NVIDIA Announces Tesla P100 PCI Express Card For Deep Learning And HPC, Shipping Q4

NVIDIA Tesla P100

Remember that scene when Al Pacino playing the part of Scarface famously said, "Say hello to my little friend!"? Well now NVIDIA is bringing out the big gun in PCI Express form in what it considers the "most advanced data center GPU ever built," the Tesla P100, a crazy fast GPU accelerator based on NVIDIA's powerful Pascal architecture built on a 16nm FinFET manufacturing process.

This is the second iteration of the Tesla P100, the first of which NVIDIA unveiled during GTX 2016 a couple of months ago. Though it's built on a fancy 16nm FinFET process, the GP100 GPU inside the Tesla P100 is quite large with a 600mm2 die, roughly the size of previous generation high-end Maxwell GPUs. However, it's more advanced than Maxwell with a whopping 15.3 billion transistors comprising the new compute engine—that's nearly twice that of Maxwell.

NVIDIA Tesla P100 Graph
Source: NVIDIA

Whereas the first version of the Tesla P100 was for NVLink-optimized servers, such as IBM's forthcoming Power servers, this new PCIe model opens up the architecture to a much larger audience with only a small performance penalty. It boasts 4.7 TFLOPS of double-precision performance, compared to 5.3 TFLOPS for the NVLink version. It's single-precision and half-precision performance metrics are rated at 9.3 TFLOPS and 18.7 TFLOPS, respectively, compared to 10.6 TFLOPS and 21.2 TFLOPS.

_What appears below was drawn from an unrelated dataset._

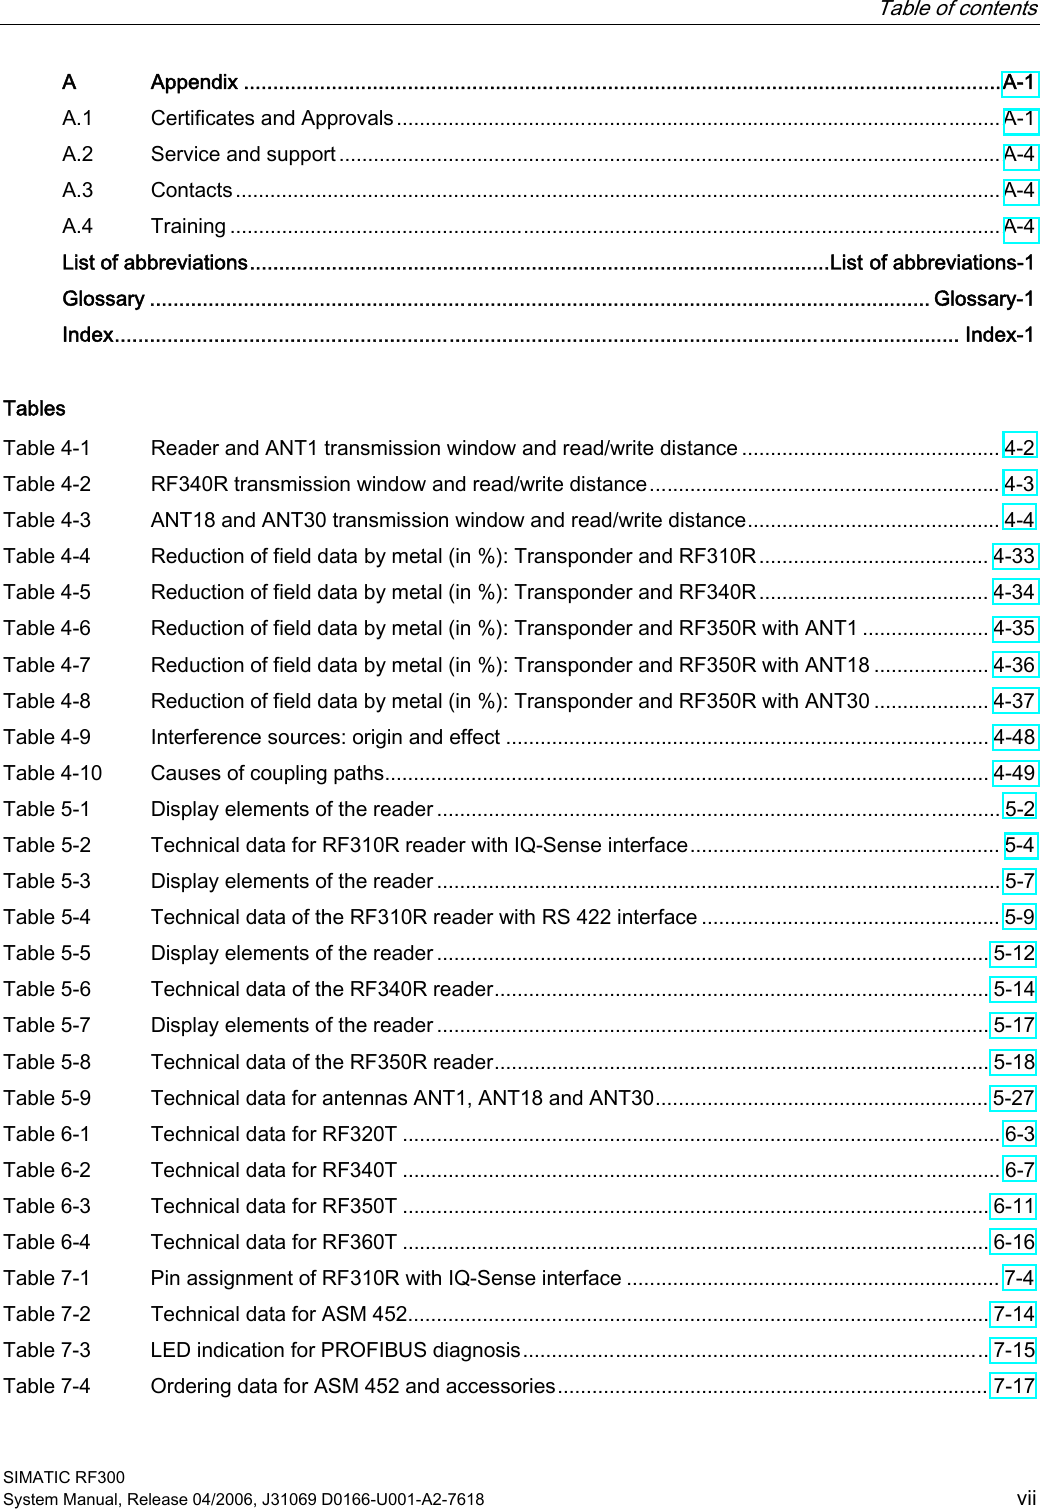   Table of contents SIMATIC RF300 System Manual, Release 04/2006, J31069 D0166-U001-A2-7618  vii A  Appendix .................................................................................................................................A-1 A.1  Certificates and Approvals.........................................................................................................A-1 A.2  Service and support ...................................................................................................................A-4 A.3  Contacts.....................................................................................................................................A-4 A.4  Training ......................................................................................................................................A-4   List of abbreviations...................................................................................................List of abbreviations-1   Glossary ..................................................................................................................................... Glossary-1   Index................................................................................................................................................ Index-1 Tables Table 4-1  Reader and ANT1 transmission window and read/write distance ............................................. 4-2 Table 4-2  RF340R transmission window and read/write distance............................................................. 4-3 Table 4-3  ANT18 and ANT30 transmission window and read/write distance............................................ 4-4 Table 4-4  Reduction of field data by metal (in %): Transponder and RF310R........................................ 4-33 Table 4-5  Reduction of field data by metal (in %): Transponder and RF340R........................................ 4-34 Table 4-6  Reduction of field data by metal (in %): Transponder and RF350R with ANT1 ...................... 4-35 Table 4-7  Reduction of field data by metal (in %): Transponder and RF350R with ANT18 .................... 4-36 Table 4-8  Reduction of field data by metal (in %): Transponder and RF350R with ANT30 .................... 4-37 Table 4-9  Interference sources: origin and effect .................................................................................... 4-48 Table 4-10  Causes of coupling paths......................................................................................................... 4-49 Table 5-1  Display elements of the reader .................................................................................................. 5-2 Table 5-2  Technical data for RF310R reader with IQ-Sense interface...................................................... 5-4 Table 5-3  Display elements of the reader .................................................................................................. 5-7 Table 5-4  Technical data of the RF310R reader with RS 422 interface .................................................... 5-9 Table 5-5  Display elements of the reader ................................................................................................ 5-12 Table 5-6  Technical data of the RF340R reader...................................................................................... 5-14 Table 5-7  Display elements of the reader ................................................................................................ 5-17 Table 5-8  Technical data of the RF350R reader...................................................................................... 5-18 Table 5-9  Technical data for antennas ANT1, ANT18 and ANT30.......................................................... 5-27 Table 6-1  Technical data for RF320T ........................................................................................................ 6-3 Table 6-2  Technical data for RF340T ........................................................................................................ 6-7 Table 6-3  Technical data for RF350T ...................................................................................................... 6-11 Table 6-4  Technical data for RF360T ...................................................................................................... 6-16 Table 7-1  Pin assignment of RF310R with IQ-Sense interface ................................................................. 7-4 Table 7-2  Technical data for ASM 452..................................................................................................... 7-14 Table 7-3  LED indication for PROFIBUS diagnosis................................................................................. 7-15 Table 7-4  Ordering data for ASM 452 and accessories........................................................................... 7-17 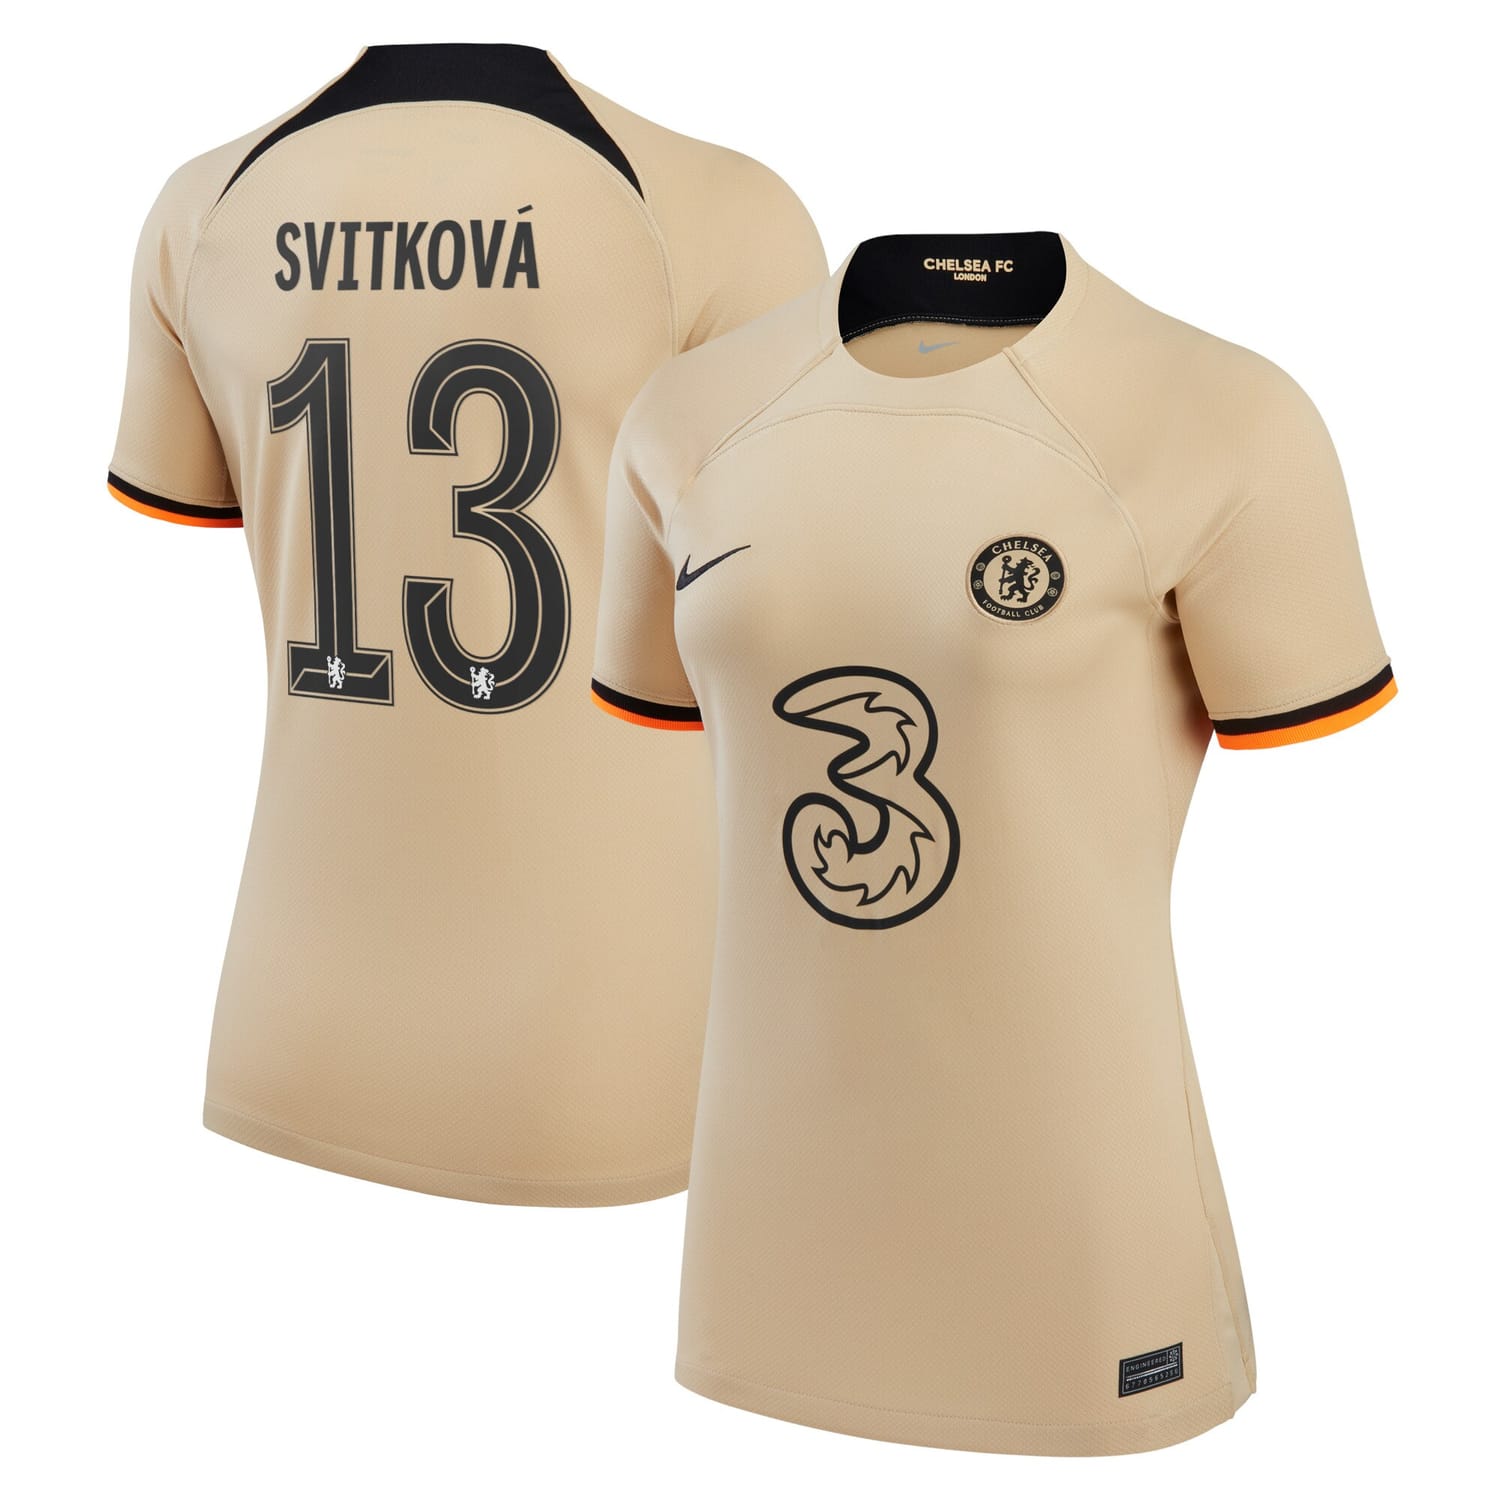 Premier League Chelsea Third Cup Jersey Shirt 2022-23 player Katerina Svitková 13 printing for Women

Like the NVLink model, the PCIe variant sports second generation High Bandwidth Memory (HBM2), either 16GB or 12GB (only 16GB is available on the NVLink model). That gives it 32GB/s of PCIe x16 interconnect bandwidth. Therein lies the real benefit of NVLink, which offers 5X the memory bandwidth of PCIe for 160GB/s, but it comes at the expense of compatibility.

"With over 400 HPC applications accelerated—including 9 out of top 10—as well as all deep learning frameworks, every HPC customer can now deploy accelerators in their data centers," NVIDIA says.

NVIDIA Tesla P100 Applications

The PCIe version uses the same number of CUDA cores (3,584) but is optimized for slightly lower clockspeeds with a TDP of 250W, down from 300W for the NVLink variant. NVIDIA hasn't said what the core clockspeed will be, though it will have a 1,300MHz boost clock, compared to 1,480MHz for its NVLink sibling.

According to NVIDIA, a single Tesla P100-powered server delivers higher peformance than 50 CPU-only server nodes when running the AMBER molecular dynamics code, and is faster than 32 CPU-only nodes when running the VASP material science application.

What can be done with all this power? Deep Learning will be a point of focus. The Tesla P100 will also inevitably be used in heavy data crunching applications, such as those that attempt to predict the weather, drug research, and solving other complex problems.

"Accelerated computing is the only path forward to keep up with researchers' insatiable demand for HPC and AI supercomputing," said Ian Buck, vice president of accelerated computing at NVIDIA. "Deploying CPU-only systems to meet this demand would require large numbers of commodity compute nodes, leading to substantially increased costs without proportional performance gains. Dramatically scaling performance with fewer, more powerful Tesla P100-powered nodes puts more dollars into computing instead of vast infrastructure overhead."

The PCIe-based Tesla P100 will be available in the fourth quarter of this year.